Unwinding Carillion's collapse and its wider implications
“Responsible business has always been at the heart of what we mean by ‘Making Tomorrow a Better Place’”, pledged Carillion in its last Sustainability Report. In a glossy statement issued in May 2017, the company reported that it had “made an encouraging start to the year in terms of winning new business in our chosen markets, with new orders” and had “increased revenue visibility”.
Less than a year on, the multinational construction conglomerate and notably the UK’s second-largest construction firm crumbled under the weight of mammoth debt and pension liabilities, sliding into compulsory liquidation on 15 January. It had been one of the top public service contractors to the British government under the Private Finance Initiative (PFI), winning a slew of contracts to deliver essential services across government departments including transport, defense, education and health
Turmoil ensued in the wider market through a domino effect on the extended supply chain, and the murky reality behind the workings of the company was exposed. Carillion had been operating effectively like a Ponzi scheme, propped up by more and more debt against a holding of mostly intangible assets. Financial statements belied the firm’s inescapable fate through aggressive Enron-style accounting. The collapse has left billions of pounds in public sector contracts outstanding and tens of thousands of workers’ livelihoods and pensions in limbo, along with a deeply precarious future for thousands of subcontractors.
Carillion’s demise underscores not only the chronic failings of PFI and the perils of outsourcing provision and management of public services to private firms, but also exposes the prevalence of the same decadent dynamics that hurled our global economy into crisis a decade ago.
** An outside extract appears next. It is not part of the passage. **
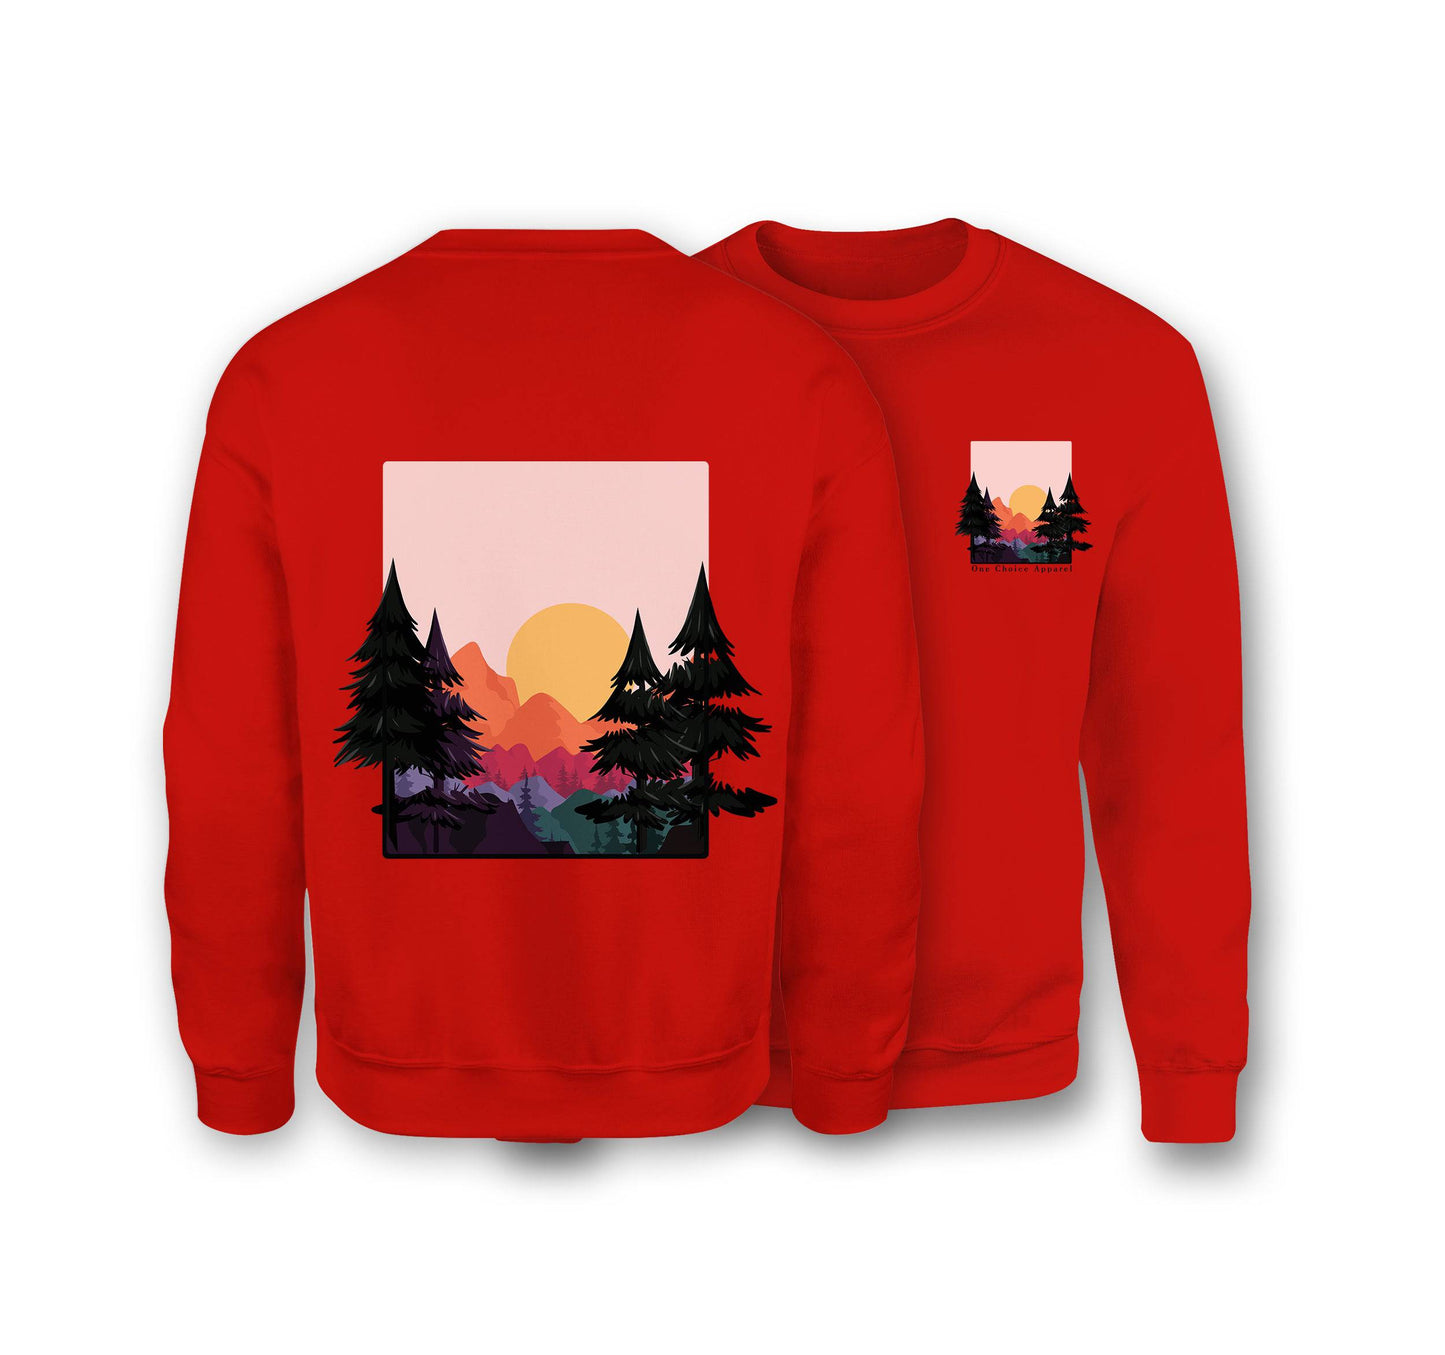 Sun & Mountains Sweatshirt - Organic Cotton Sweatshirt - One Choice Apparel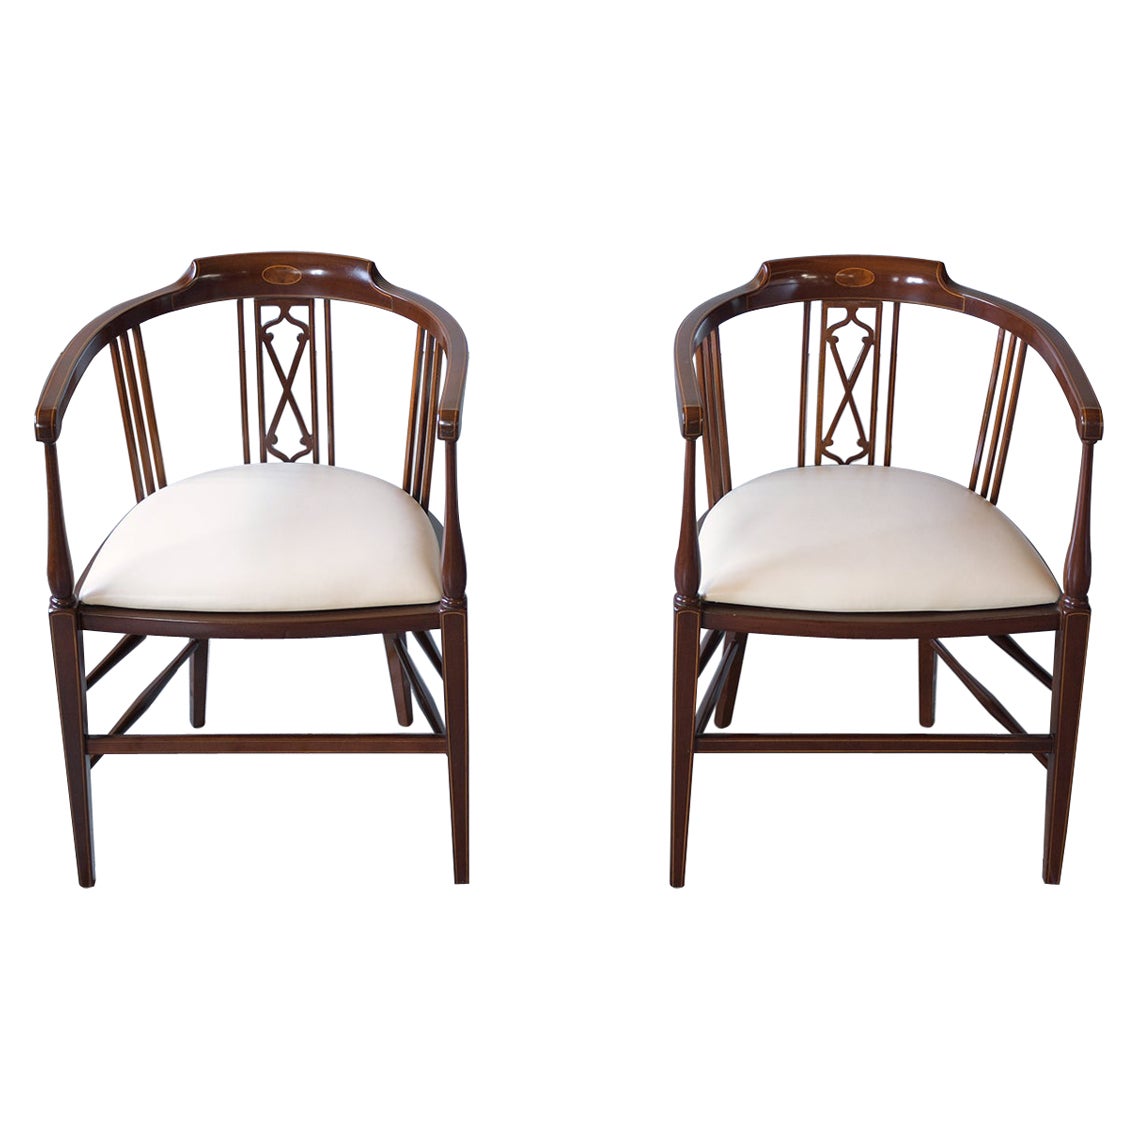 Newly Restored Late 18th-Century Regency Leather Armchairs in Dark Walnut Finish

This includes corporate short-termism underlying managerial and shareholder value myopia in markets ruled by a handful of big players, as well as failures in accounting oversight by the Big Four (Deloitte, PwC, EY and KPMG), all of whom were involved in Carillion’s demise in some way. It also highlights the persistence of dubious relations between the state and private entities. Indeed, little has changed in this regard since the crisis era. Moreover, the case of Carillion reflects the increasing reliance of modern firms on intangible assets and the dangers of doing so.
A legal Ponzi-like scheme
Carillion’s operating model became premised on aggressive hoarding of new contracts in race-to-the-bottom bidding that grossly underpriced the true costs and risks associated with finishing projects, in order to secure the funds needed to pay lenders and suppliers. Essentially, it was running a legal Ponzi-like scheme.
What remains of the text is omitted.